Send us enquiries for free, and we will assist you in establishing a direct connection with your preferred Raloxifene Hydrochloride manufacturer or Raloxifene Hydrochloride supplier.
PharmaCompass also assists you with knowing the Raloxifene Hydrochloride API Price utilized in the formulation of products. Raloxifene Hydrochloride API Price is not always fixed or binding as the Raloxifene Hydrochloride Price is obtained through a variety of data sources. The Raloxifene Hydrochloride Price can also vary due to multiple factors, including market conditions, regulatory modifications, or negotiated pricing deals.
A Evista manufacturer is defined as any person or entity involved in the manufacture, preparation, processing, compounding or propagation of Evista, including repackagers and relabelers. The FDA regulates Evista manufacturers to ensure that their products comply with relevant laws and regulations and are safe and effective to use. Evista API Manufacturers are required to adhere to Good Manufacturing Practices (GMP) to ensure that their products are consistently manufactured to meet established quality criteria.

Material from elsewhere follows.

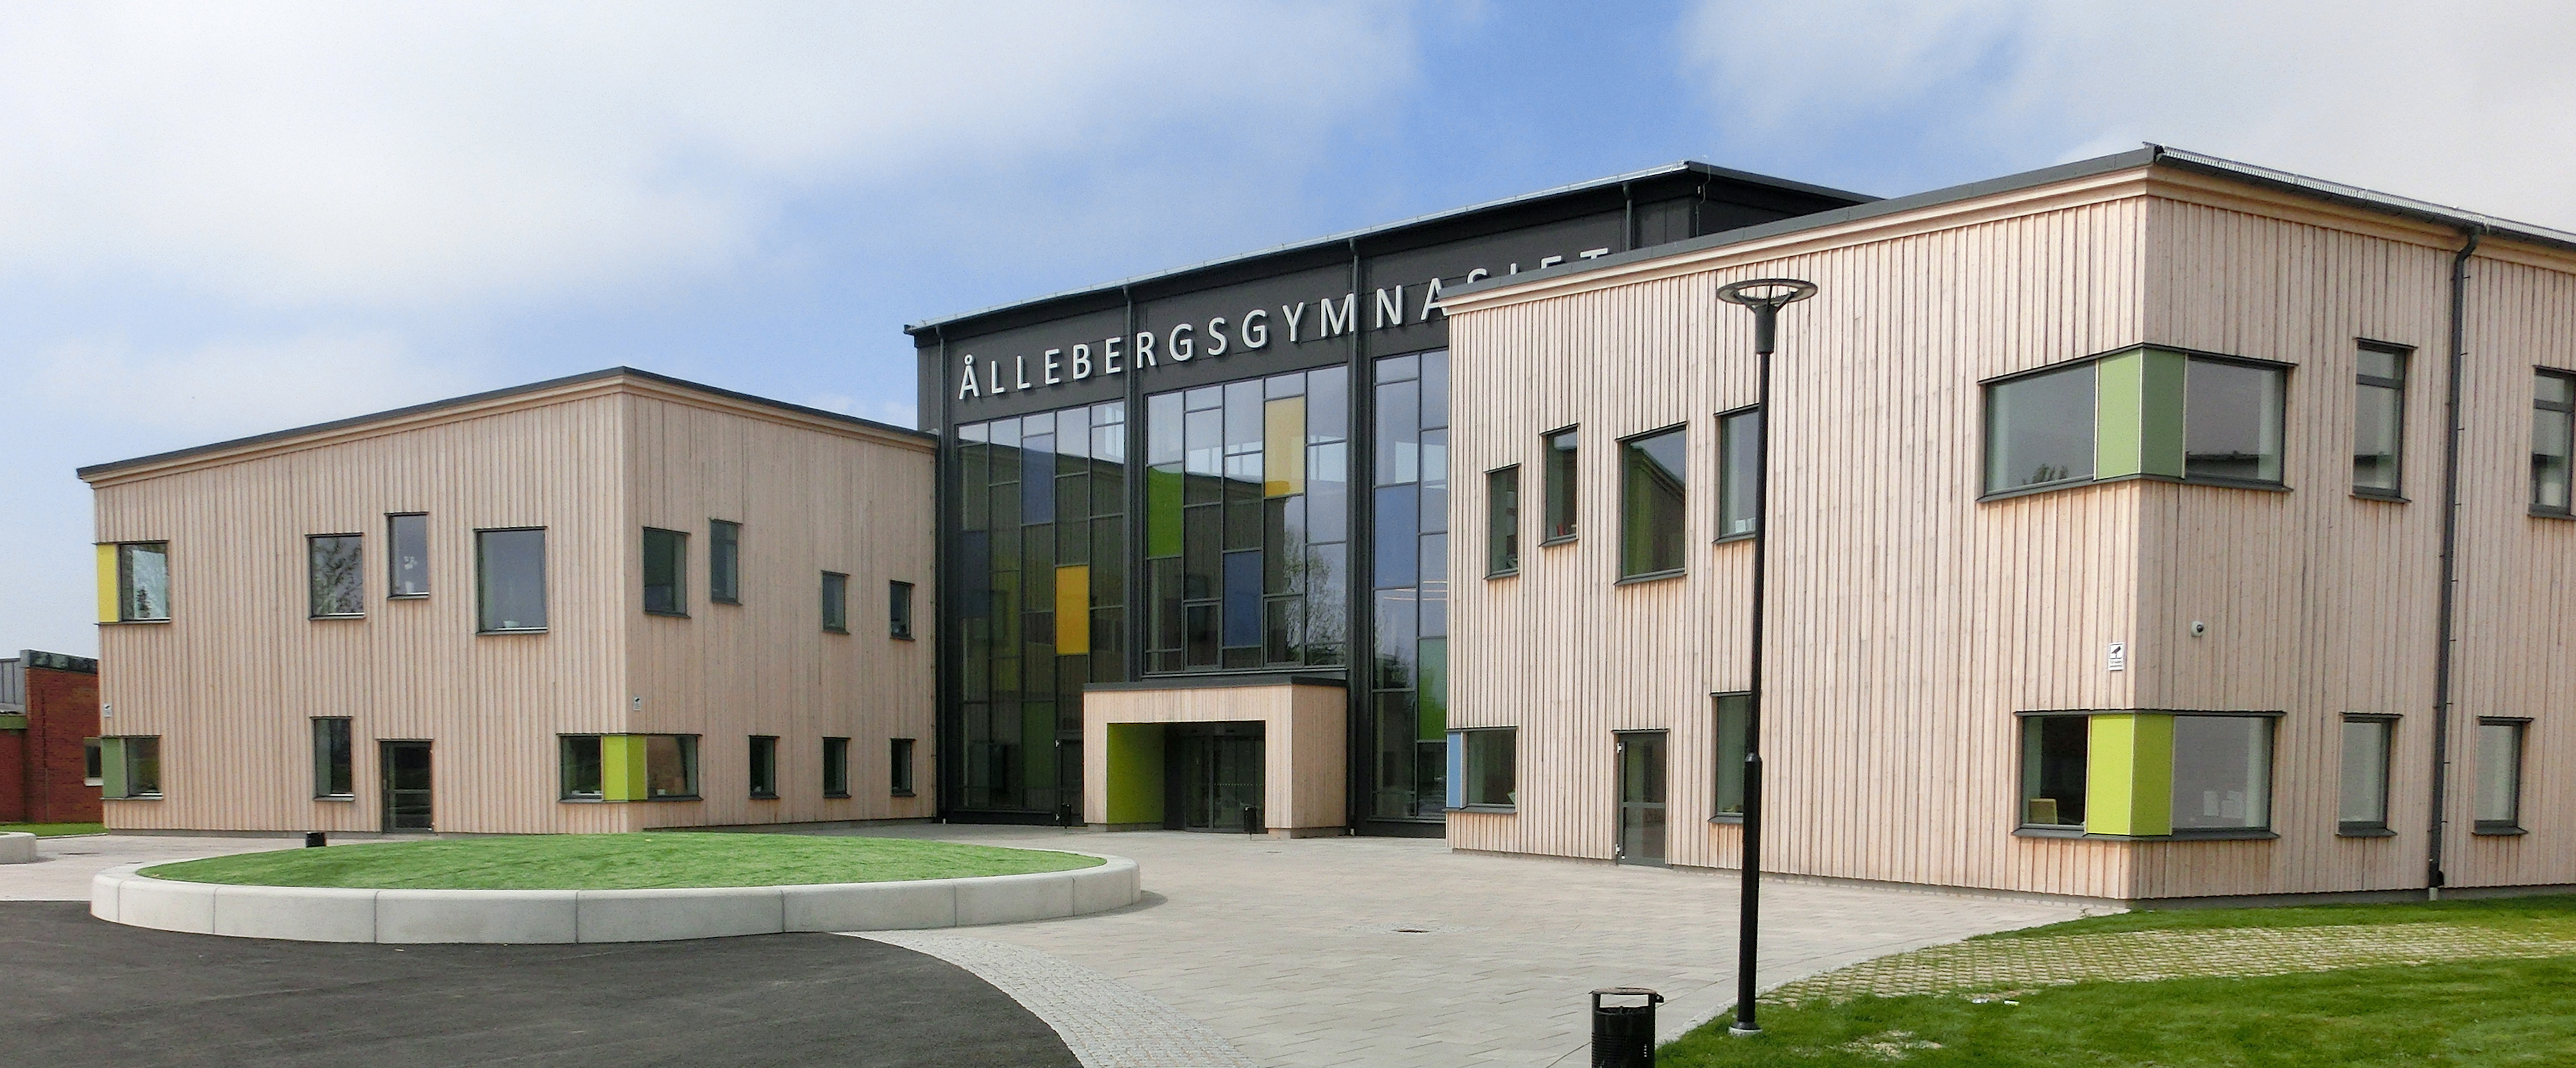 Ållebergsgymnasiet i Falköping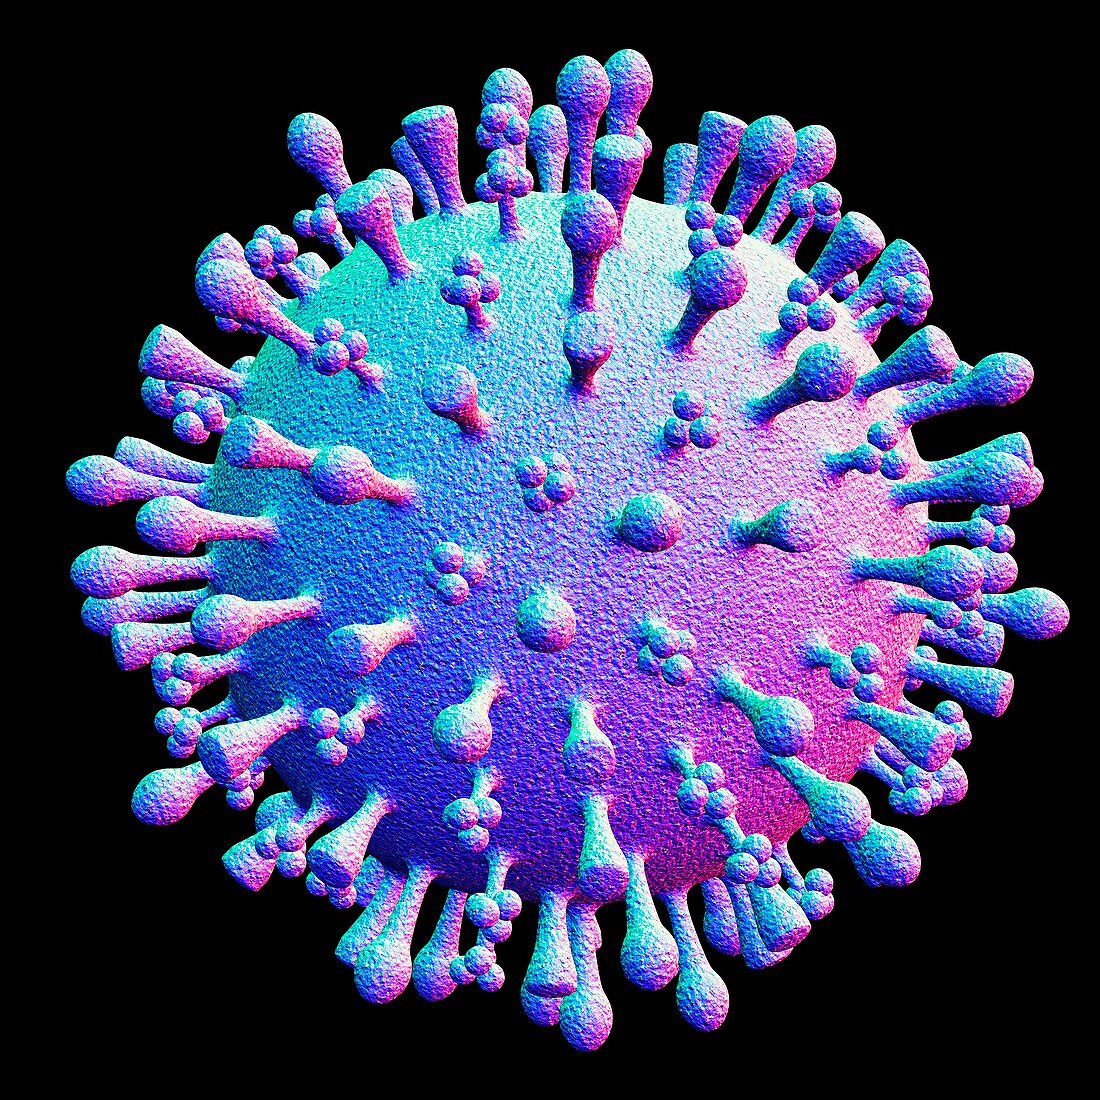 Avian flu virus particle,artwork

click here to find a list of Evista manufacturers with USDMF, JDMF, KDMF, CEP, GMP, COA and API Price related information on PhamaCompass.
A Evista supplier is an individual or a company that provides Evista active pharmaceutical ingredient (API) or Evista finished formulations upon request. The Evista suppliers may include Evista API manufacturers, exporters, distributors and traders.
click here to find a list of Evista suppliers with USDMF, JDMF, KDMF, CEP, GMP, COA and API Price related information on PharmaCompass.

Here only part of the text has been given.